Paul Toomey

Personal information
- Date of birth: June 28, 1955 (age 69)
- Place of birth: New London, Connecticut, United States
- Height: 6 ft 0 in (1.83 m)
- Position(s): Defender

College career
- Years: Team / Apps / (Gls)
- 1975–1978: Penn Quakers

Senior career*
- Years: Team / Apps / (Gls)
- 1979: Portland Timbers / 8 / (0)
- 1979–1981: Hartford Hellions (indoor) / 57 / (7)
- 1980: → San Jose Earthquakes (loan) / 17 / (0)
- 1981: New England Sharks
- 1981–1984: Pittsburgh Spirit (indoor) / 117 / (10)

= Paul Toomey =

American soccer player

Paul Toomey is a retired American soccer defender who played professionally in the North American Soccer League, American Soccer League and the Major Indoor Soccer League.

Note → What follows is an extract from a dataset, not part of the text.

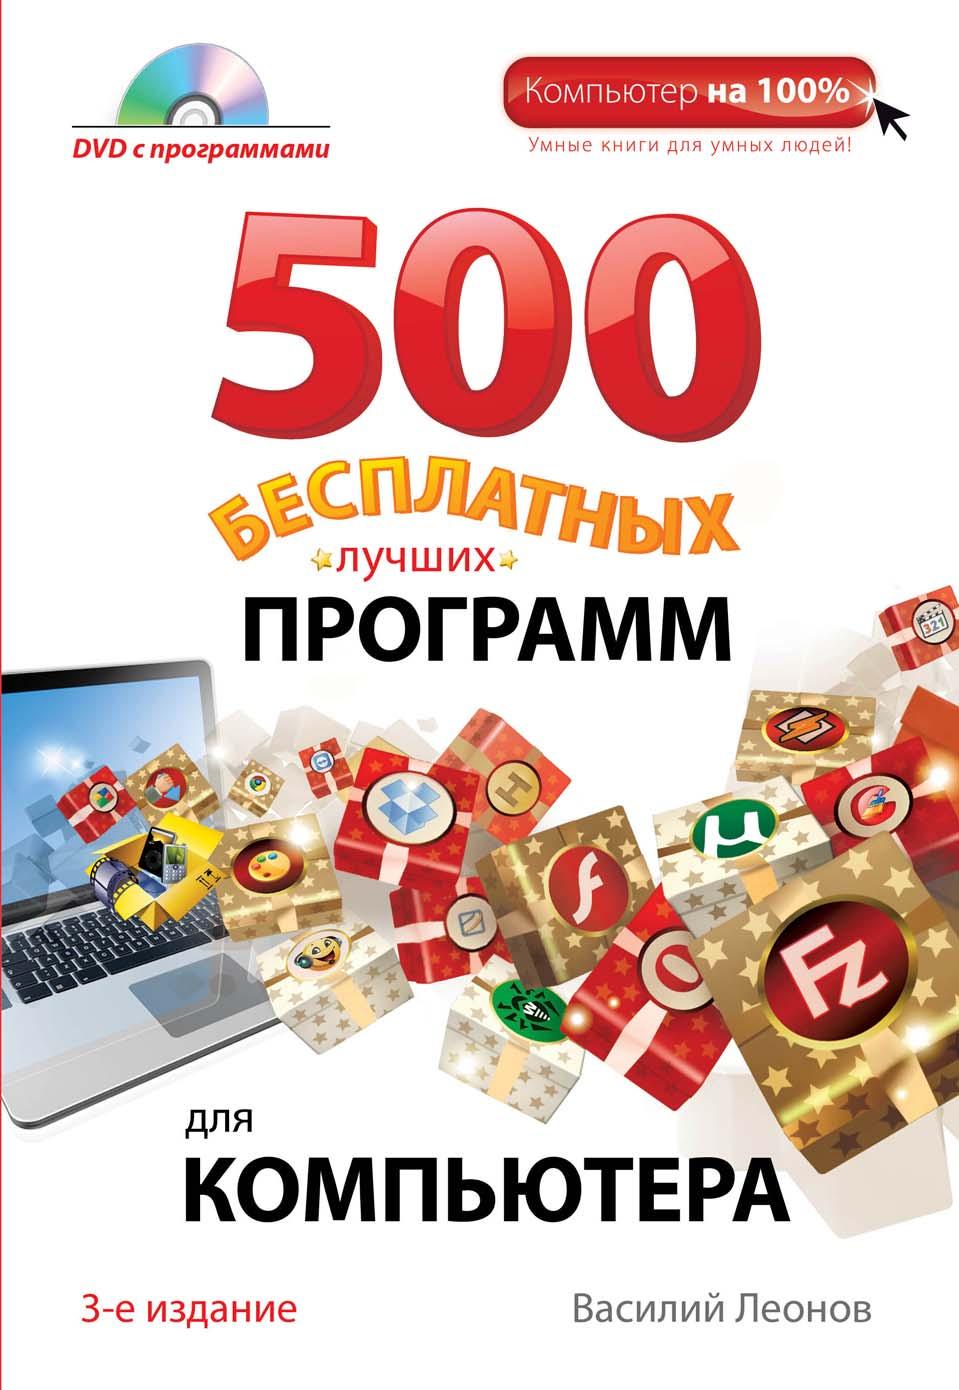 500бесплатных лучших программ для компьютера

Toomey graduated from Coventry High School. He attended the University of Pennsylvania where he was a 1976 Honorable Mention (third team) and 1977 Second Team All-American soccer player. In 1978, the Portland Timbers selected Toomey in the first round of the North American Soccer League draft. He played eight games for the Timbers in 1979. In the fall of 1979, he signed with the Hartford Hellions of the Major Indoor Soccer League. He would play two indoor winter seasons with the Hellions. In 1980, the Hellions loaned Toomey to the San Jose Earthquakes for the 1980 NASL season. In 1981, he played for the New England Sharks of the American Soccer League. In the fall of 1981, he joined the Pittsburgh Spirit of MISL. In the summer of 1983, he had knee surgery. Complications from the surgery limited him to twelve games with the Spirit during the 1983–1984 season and his eventual retirement.